Abonnez-vous à Universalis pour 1 euro

MODERNITÉ, notion de

La notion de modernité est floue dans son extension, et incertaine dans sa compréhension. C'est une notion autoréférentielle et polémique (ce qui ne signifie pas qu'elle soit inutile ou superfétatoire). Elle ne se pose qu'en s'opposant à la tradition telle qu'elle-même la définit. Le mot apparaît tardivement, vers 1850, chez Théophile Gautier et chez Baudelaire qui écrit : « Ainsi il va, il court, il cherche. Que cherche-t-il ? À coup sûr, cet homme tel que je l'ai dépeint, ce solitaire d'une imagination active, voyageant à travers le grand désert d'hommes... cherche ce quelque chose qu'on nous permettra d'appeler la modernité. » La modernité devient alors un modèle culturel, une référence identitaire revendiquée, mais qui s'inscrivait bien en amont de ce xixe siècle.

Origines

Les différentes étapes en sont faciles à repérer. Il y a d'abord l'époque de la Renaissance, qui voyait dans le Moyen Âge la nuit de l'esprit et se concevait comme l'ère du dégel, puis celui des Temps modernes, avec la découverte de l'Amérique, l'invention de l'imprimerie, la nouvelle physique et la nouvelle astronomie qui ne faisait plus de la Terre le centre du monde, un monde qui changeait de base. Le théocentrisme se transforme alors en humanisme et, dans l'espace religieux, la Réforme s'attaque à l'édifice jugé dogmatique de l'Église catholique et romaine.

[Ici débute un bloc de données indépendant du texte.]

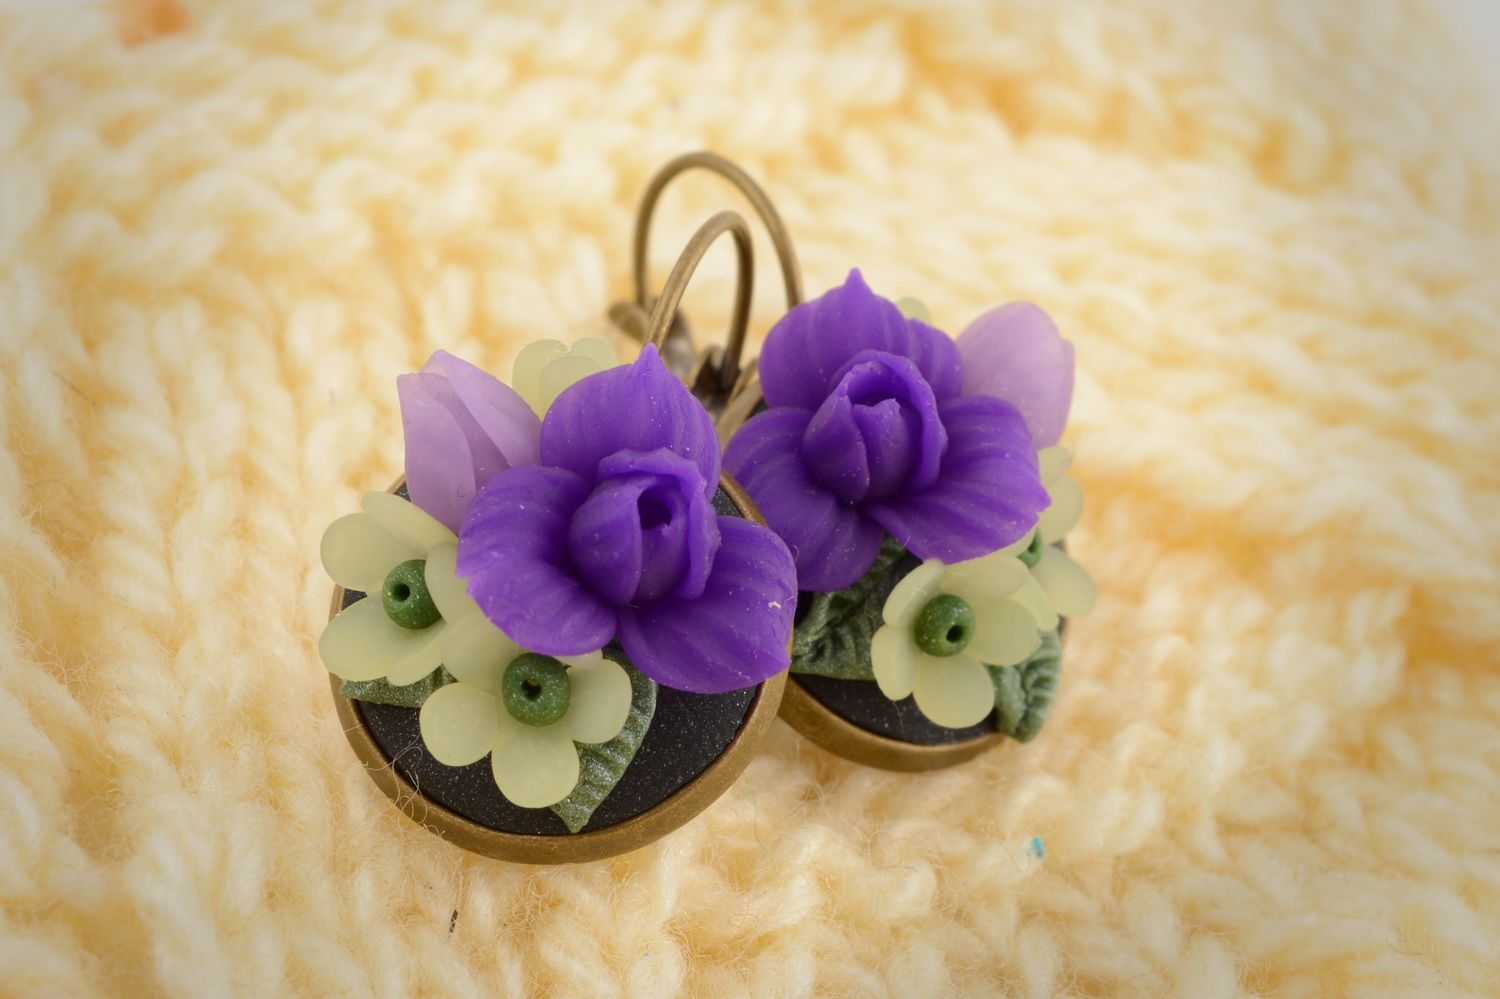 Handmade stylish festive cute earrings made of polymer clay with flowers photo 1
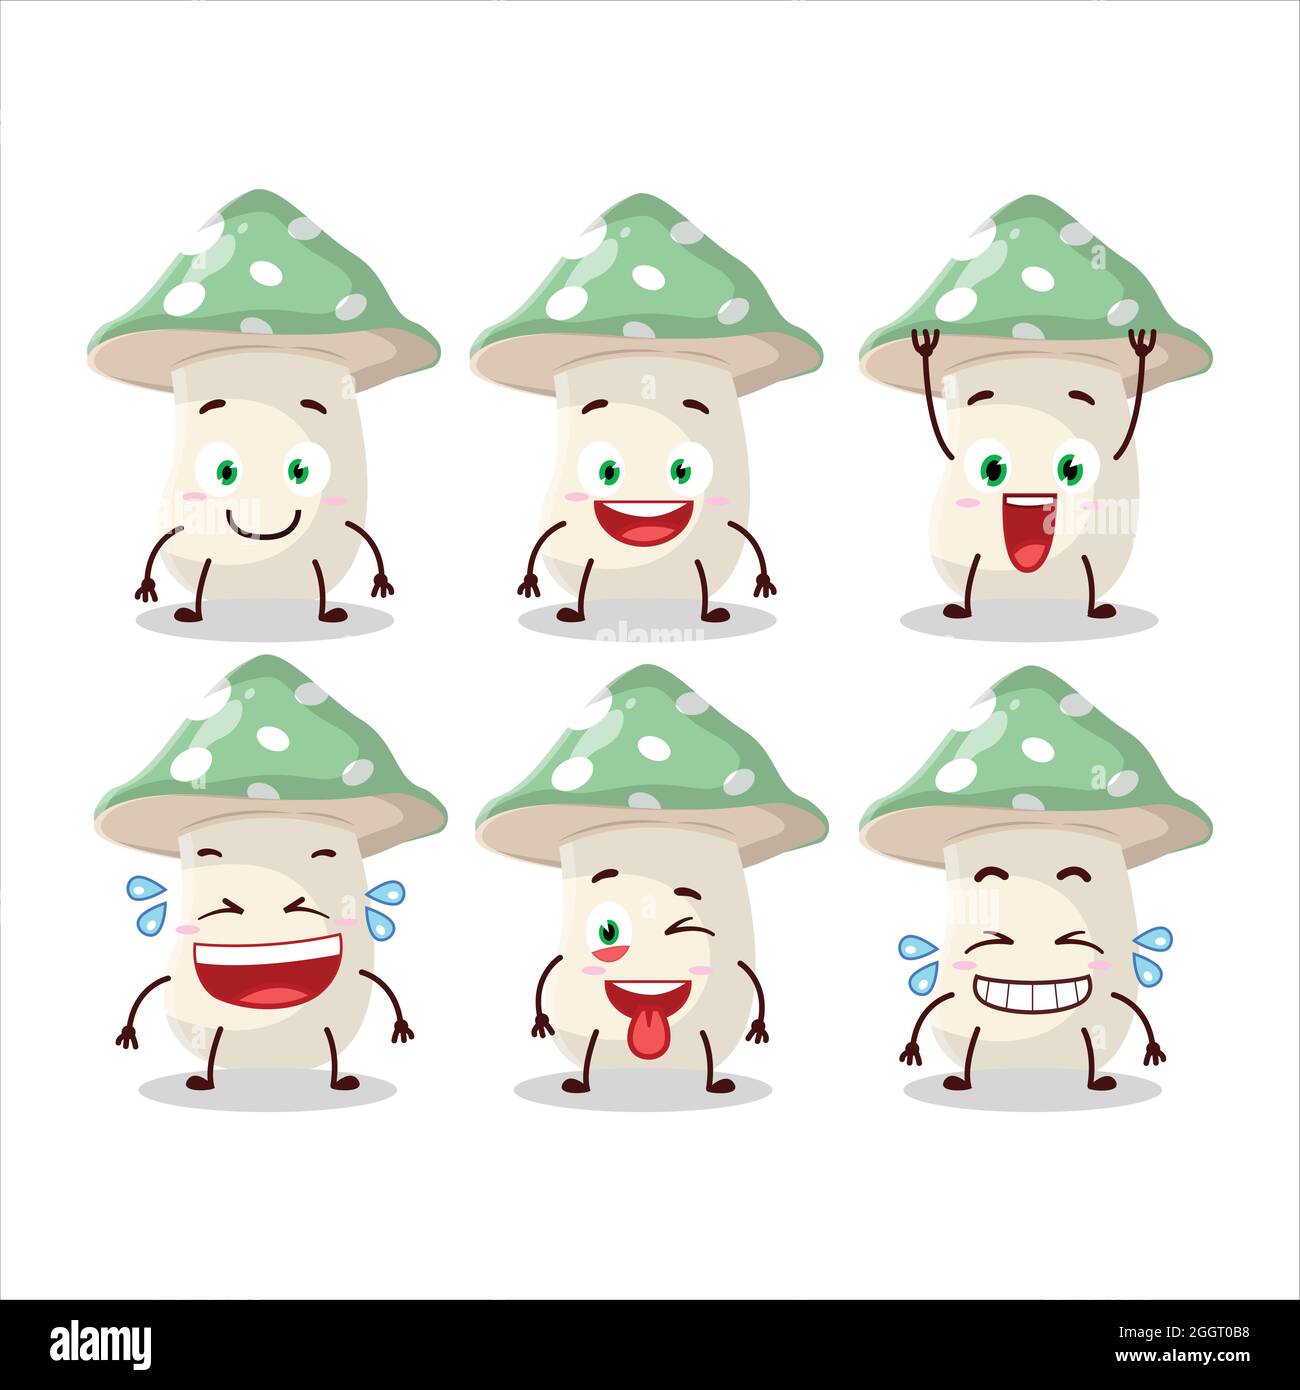 Cartoon character of green amanita with smile expression. Vector illustration Stock Vector

Aux xviie et xviiie siècles, la modernité n'a pas encore de nom mais trouve ses fondements philosophiques et politiques. Et d'abord avec les penseurs du contrat social – Hobbes, Locke, Rousseau ou Kant – qui modifieront radicalement la vision du politique et de la société. La modernité s'énonce dès lors sous le nom de « progrès » et sous le programme des Lumières. Elle va se revendiquer, au milieu du xixe siècle, comme valeur et choix de vie jusque dans le quotidien. Profitant de l'essor des communications et de la presse de masse, elle va instituer son imperium dans toutes les sphères de la société, tant en art qu'en politique, dans les mœurs ou dans la mode, bousculant le « vieux monde » de la tradition.

La modernité est donc le mode de vie et d'organisation sociale, la configuration culturelle – ce que Hegel appellerait une figure de l'esprit – qui est apparue en Europe vers le xvie siècle et dont la lente cristallisation avait commencé dès le xve siècle. Elle se poursuit aujourd'hui, mouvement sans cran d'arrêt, histoire toujours ouverte, perpétuelle affirmation de la valeur des avant-gardes du moment présent contre les traditions, avant-gardes d'hier. Ainsi peut-on situer dans l'espace (l'Occident) et dans le temps (la Renaissance) l'état civil de la modernité.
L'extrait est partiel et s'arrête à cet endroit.